Open-Source Language Translator Opens For Beta
mind21_98 writes "A new machine-translator designed for language translation has offically opened for public testing. GPLTrans is a translator similiar to Babelfish. Pre-alpha testing has shown that it is the most accurate of the major Web-based machine translators. More information can be found here. "
It would be nice if someone were to make a CORBA translation service and add this to one or more of the linux desktops. Then it could be used for email, documentation, irc, coding, etc, not just for the occasional web page. It would also be good if the data at gpltrans was snapshotted regularly and pushed around, ideally so that everyone would have their own copy.
It's common to here the pundits opine that "open source may be good at improving 30-year-old operating systems, but the open-source model just doesn't work when it comes to large scale applications." Various reasons are given, for example: "open source programmers only do what is fun and interesting, and applications aren't interesting". But here we see yet another large-scale application falling to the barbarian hordes.

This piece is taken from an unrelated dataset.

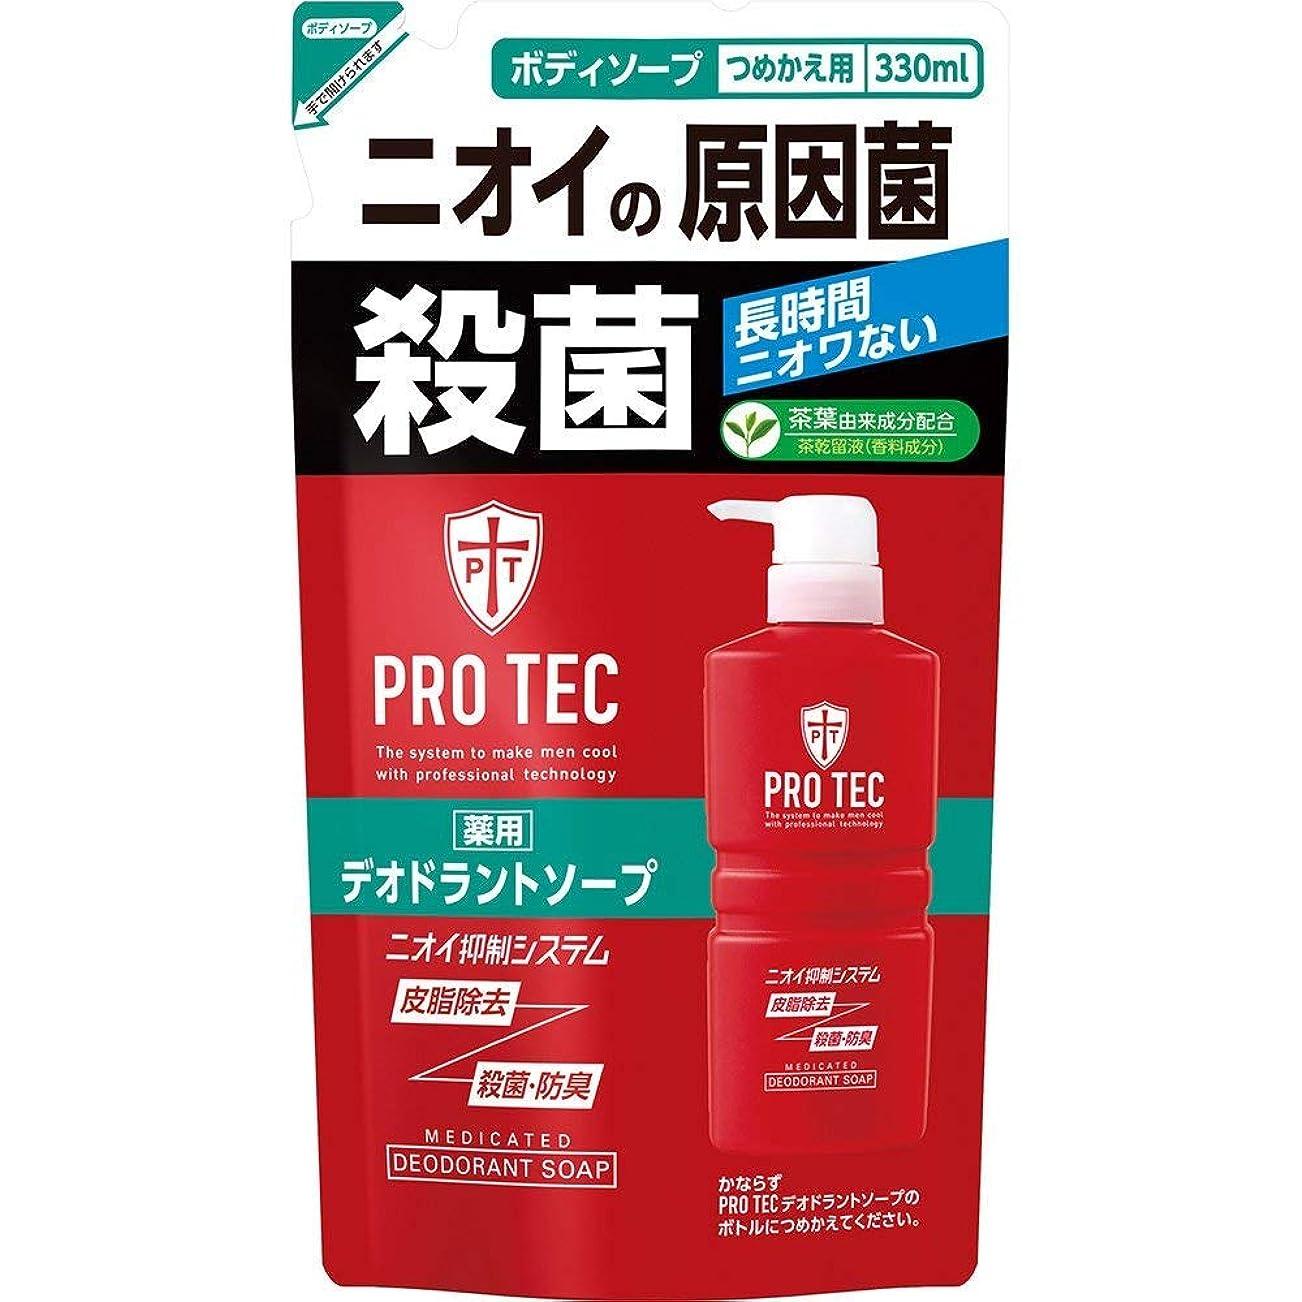 小説びっくりする補体PRO TEC デオドラントソープ つめかえ用 330ml ×2セット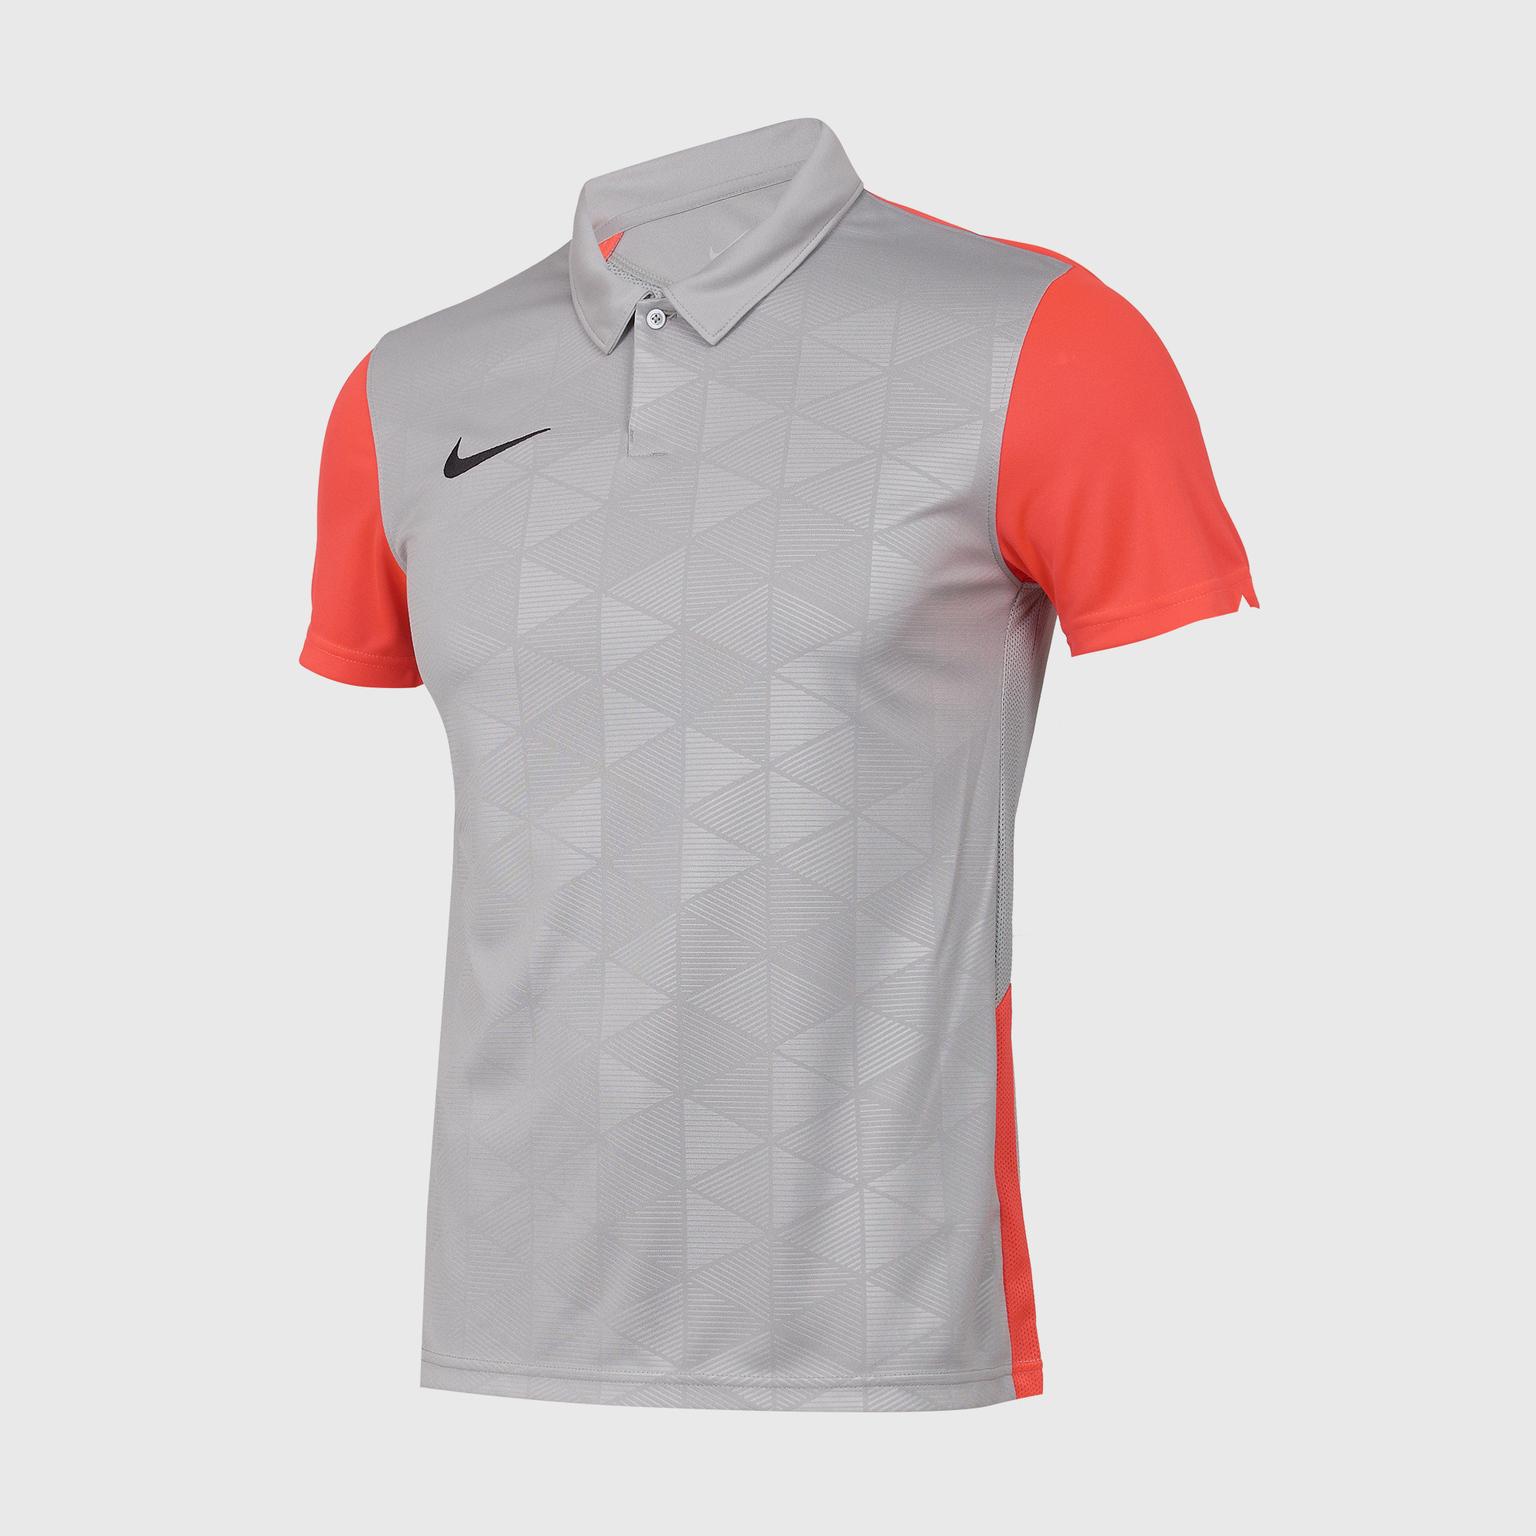 Футболка игровая Nike Trophy IV BV6725-053 футболка игровая nike trophy iv bv6725 413

Those pundits are wrong: there is no genre of software that the open-source model will never absorb. Simply because the open-source model results in better software, for reasons that are well-known. And no, there is no no software application that is so uninteresting that no volunteer anywhere in the world will touch it. On the contrary: the more an application area remains untouched, the more interesting it becomes to open-source programmers, simply because it's virgin territory.
This is the "stamp collector" syndrome: when you already have a goodly number of stamps in your collection, adding the missing ones becomes an obsession.
Life's a bitch but somebody's gotta do it.
What most of these language translation programs need is a better understanding of context. I was surprised to find that Altavista's Babelfish utility has very poor analysis of context (possibly none at all). For example, when translating from English to French, "run" always translates to "exécute". For a sentence like you get which is reasonable, but if you translate you get which doesn't make any sense. More incredibly, "store" always translates to "mémoire". You would think that, if they were going to force every word to be interpreted in one sense, they would choose the most common meaning. But this choice leads to insanity where translates to
With knowledge of context, a more advanced system could notice situations in which it was more reasonable for "run" to have a particular meaning. In the last example, "run" is followed by a prepositional phrase indicating a direction, which would imply that the meaning involving physical movement is appropriate, and so on.
Even more revealing is the fact that the confusion of meaning happens differently for different languages. If you translate
into Spanish, you get the hilarious result: For translation software that has multiple language targets, i would have expected it to first resolve the meaning of the English sentence into an internal semantic representation before using it to emit Spanish or French. The above would be evidence that the Systran software has no such representation -- or at least that their representation is too weak to indicate the difference between "store" as in "memory" and "store" as in a warehouse.-- ?!ng
Although the site has been slashdotted, it would be interesting to see what sort of algorithms it uses to perform the translations. Mmm, open source.
:) In addition to this, it's very difficult to write simple, lucid grammar rules that also count for the myriad exceptions found in language.
:) The parsing itself is a hefty (and not terribly exciting) task. I attempted to make a term project of a fairly basic English parser and ended up changing the project.
I would be inclined to say that if it is based on grammar rules, the project won't make much headway - machine translation has been butting its head against this brick wall for forty years. The problem with hard-and-fast grammar rules, e.g.,
S = NP VP
NP = Det (Adj)* N
VP = V (Adv)
is that they don't account for rapid linguistic change, and people have this nasty habit of twisting grammar to express themselves in new and creative ways.
I imagine GPLTrans would probably be using some sort of probability frame of phrases and words occurring together, but one can't be sure without looking at the source. I think the best way to do translation software would be to convert the text into syntax, then into a more abstract semantic form, and from the semantic form, translate back into the target language's syntax, and then into the target language's text. Of course, the trick is to figure out just exactly how to do this.
My 2 cents/Pfennig/lire/pesos,
Y
"There is no culture in computer science, only cults." - M. Felleisen
The `spirit is willing' story is amusing, and it really is a pity that it is not true. However, like most MT `howlers' it is a fabrication. In fact, for the most part, they were in circulation long before any MT system could have produced them (variants of the `spirit is willing' example can be found in the American press as early as 1956, but sadly, there does not seem to have been an MT system in America which could translate from English into Russian until much more recently --- for sound strategic reasons, work in the USA had concentrated on the translation of Russian into English, not the other way round). Of course, there are real MT howlers. Two of the nicest are the translation of French avocat (`advocate', `lawyer' or `barrister') as avocado, and the translation of Les soldats sont dans le café as The soldiers are in the coffee. However, they are not as easy to find as the reader might think, and they certainly do not show that MT is useless.
BTW, since this book is no longer available in the stores, the whole contents is placed online. I recommend reading this book to anyone who is interested into the subject of MT. It really is a nice introduction into the subject.